The creation of a new centre party is no alternative to Labour winning back the centre-ground, says Caroline Flint

 Like Blu-rays and Segways, a new centre party is an over-hyped idea, destined to promise much and deliver little.

The liberal-minded press would love it.They have been in a tiswas as the United Kingdom’s political moorings have come adrift. When the United Kingdom Independence party appeared, they dismissed them, as did the main parties, as the far-right in suits.Then a disastrous ‘Remain’ campaign lost the referendum on the UK’s membership of the European Union.

The liberal press are not the only ones to misread the public.The hard-left was convinced that the 2008 economic crash would send voters to the left. It did not. Rightwing parties triumphed across Europe in the decade that followed.

The latest game is to predict who will launch a new centre party.Will it be grandees of the past? Will it be Labour members of parliament?Will one group follow the other?

For the seeds of a new party, commentators look for discontented personalities. People like George Osborne quit politics because their political careers went into a backwater, while others, like Nick Clegg, were booted out by voters.

The causes of centre party speculation are two-fold. First, Jeremy Corbyn’s election led to fears that Labour is on a one-way leftward journey, vacating the contest for Britain’s political centre-ground.

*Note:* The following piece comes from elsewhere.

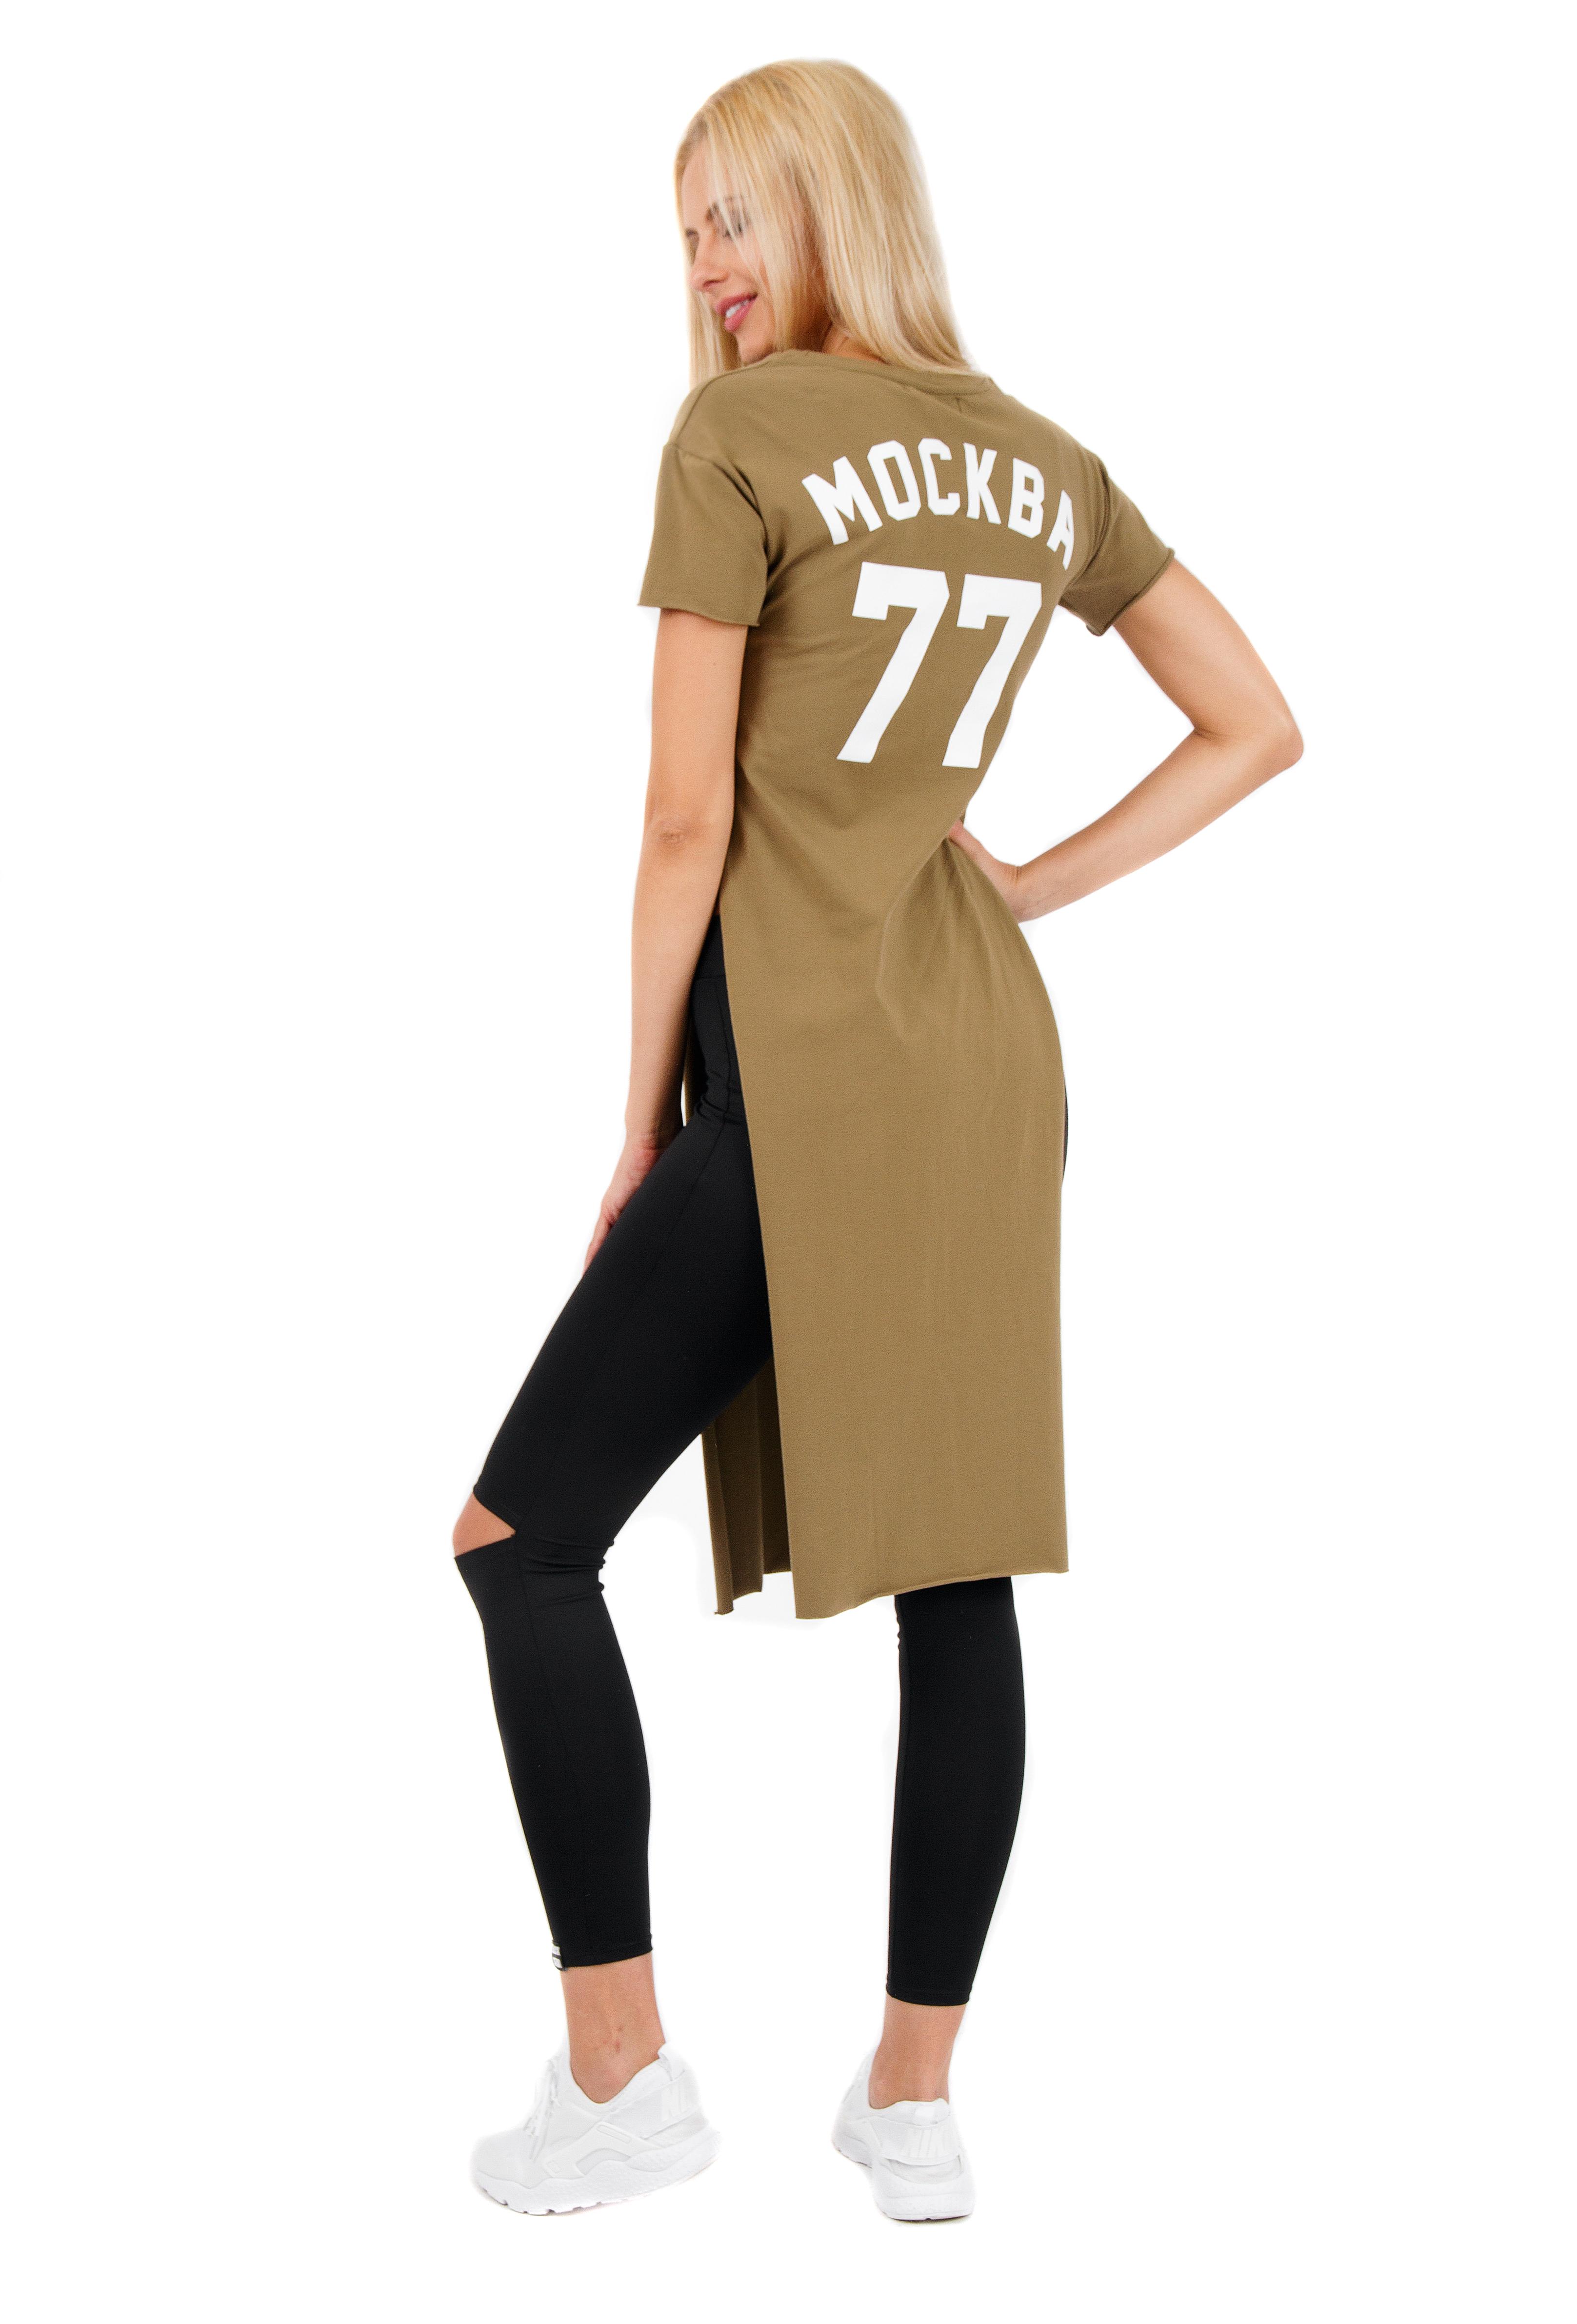 Womens tunic Moscow 77 от BlackStarWear INT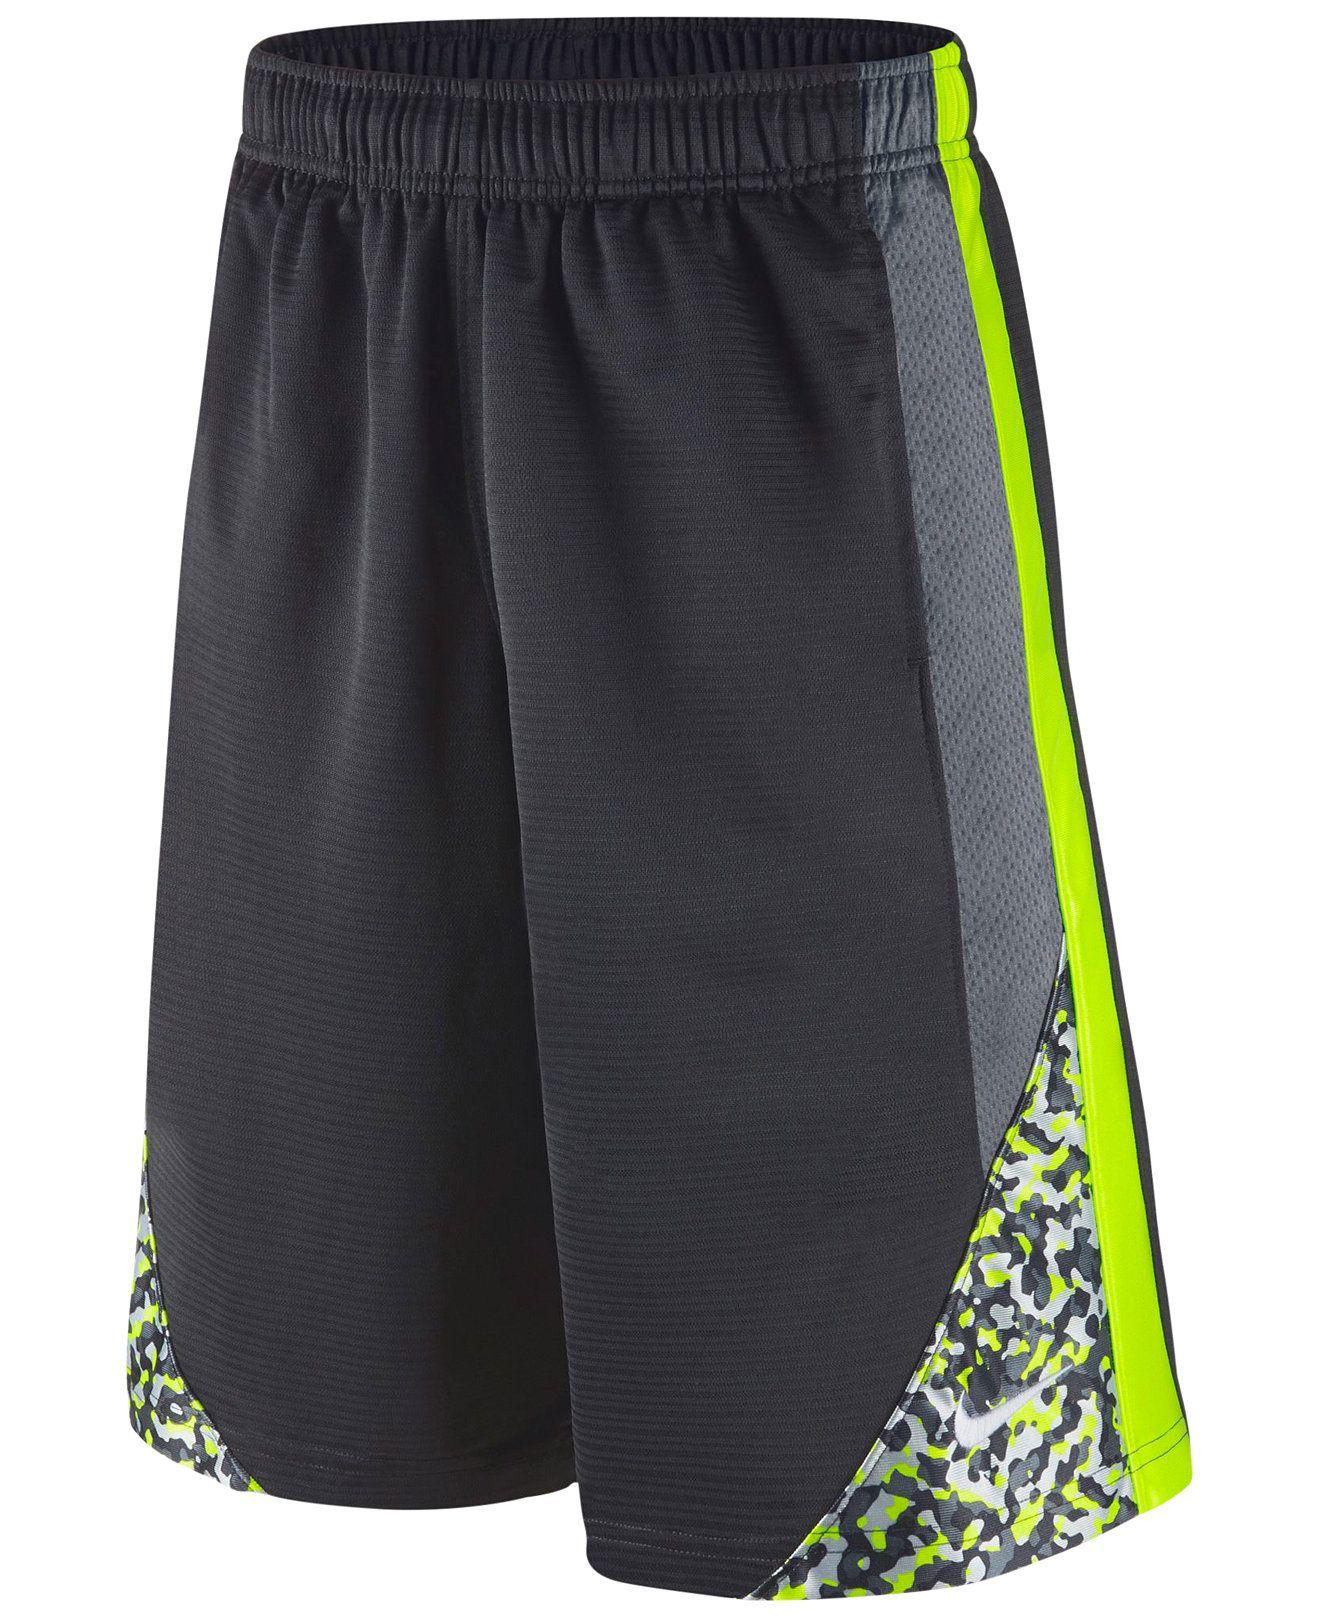 Nike Boys' Avalanche GFX 2.0 Shorts - Kids & Baby - Macy's

Second, the EU referendum created new divisions – notably for Labour, a tension between big city, university Britain and small town industrial, rural and coastal Britain.

The Social Democratic party’s experience, 35 years ago, provides warnings for any new party. Back then, Labour had deserted the centre and the Tories had moved to the right, yet the SDP still could not survive. In the end, the SDP was absorbed into the Liberal party, never to be mentioned again. A new centre party would meet the same fate.

The 20th century’s new kid on the block, the Labour party, grew during 30 years of turmoil and two world wars to become the natural voice for large sections of British society. Labour has represented the seat I represent, Don Valley, since 1923.

No such circumstances would aid any MPs hoping to form a pro-European centre party. A ‘New European party’ might bask in a media glow in their early months, but the cold reality would soon set in.

Many voters, myself included, would stay with Labour, the party they know.The new party would have to contest seats against many well-organised Labour MPs and candidates. Amid the division, the Tories would steal some former Labour domains and hold otherwise precarious marginal seats.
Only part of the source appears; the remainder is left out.